Your task is to work out how many lines in the data that follows hold "Banque" and to state that number alone.

────────

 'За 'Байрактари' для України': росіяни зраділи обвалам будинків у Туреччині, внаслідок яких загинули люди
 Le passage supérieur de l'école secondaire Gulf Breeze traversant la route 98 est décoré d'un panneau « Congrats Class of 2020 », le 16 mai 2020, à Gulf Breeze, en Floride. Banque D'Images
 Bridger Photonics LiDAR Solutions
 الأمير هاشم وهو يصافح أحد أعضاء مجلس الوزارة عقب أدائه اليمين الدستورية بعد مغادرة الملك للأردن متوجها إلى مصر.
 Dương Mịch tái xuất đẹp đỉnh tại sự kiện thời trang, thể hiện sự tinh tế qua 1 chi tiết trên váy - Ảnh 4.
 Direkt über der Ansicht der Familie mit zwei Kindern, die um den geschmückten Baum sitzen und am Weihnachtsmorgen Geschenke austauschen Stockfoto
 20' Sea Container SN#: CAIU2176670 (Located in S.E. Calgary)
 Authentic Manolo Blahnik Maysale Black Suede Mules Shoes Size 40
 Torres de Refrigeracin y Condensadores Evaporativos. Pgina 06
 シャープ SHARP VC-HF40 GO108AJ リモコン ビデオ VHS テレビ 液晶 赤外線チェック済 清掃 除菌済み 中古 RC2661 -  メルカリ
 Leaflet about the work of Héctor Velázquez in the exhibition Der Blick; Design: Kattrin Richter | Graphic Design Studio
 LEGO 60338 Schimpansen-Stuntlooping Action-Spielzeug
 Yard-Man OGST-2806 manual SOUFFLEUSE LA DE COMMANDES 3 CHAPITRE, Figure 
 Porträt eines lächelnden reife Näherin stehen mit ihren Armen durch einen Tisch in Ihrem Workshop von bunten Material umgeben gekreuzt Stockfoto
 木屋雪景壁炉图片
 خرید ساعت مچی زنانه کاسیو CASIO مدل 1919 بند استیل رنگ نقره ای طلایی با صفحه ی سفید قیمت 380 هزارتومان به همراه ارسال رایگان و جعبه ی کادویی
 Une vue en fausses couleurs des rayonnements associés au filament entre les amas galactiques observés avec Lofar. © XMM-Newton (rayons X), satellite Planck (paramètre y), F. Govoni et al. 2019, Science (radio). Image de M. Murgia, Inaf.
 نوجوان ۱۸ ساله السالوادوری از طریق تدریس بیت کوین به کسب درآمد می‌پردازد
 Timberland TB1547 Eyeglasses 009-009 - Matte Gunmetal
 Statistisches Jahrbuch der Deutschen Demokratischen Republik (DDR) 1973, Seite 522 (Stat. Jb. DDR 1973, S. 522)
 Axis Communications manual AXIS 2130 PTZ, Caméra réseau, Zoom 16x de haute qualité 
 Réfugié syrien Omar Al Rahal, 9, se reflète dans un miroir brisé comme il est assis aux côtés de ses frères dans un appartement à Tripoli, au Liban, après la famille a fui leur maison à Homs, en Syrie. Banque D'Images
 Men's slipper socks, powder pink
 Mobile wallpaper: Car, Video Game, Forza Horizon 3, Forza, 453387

────────

Result :: 2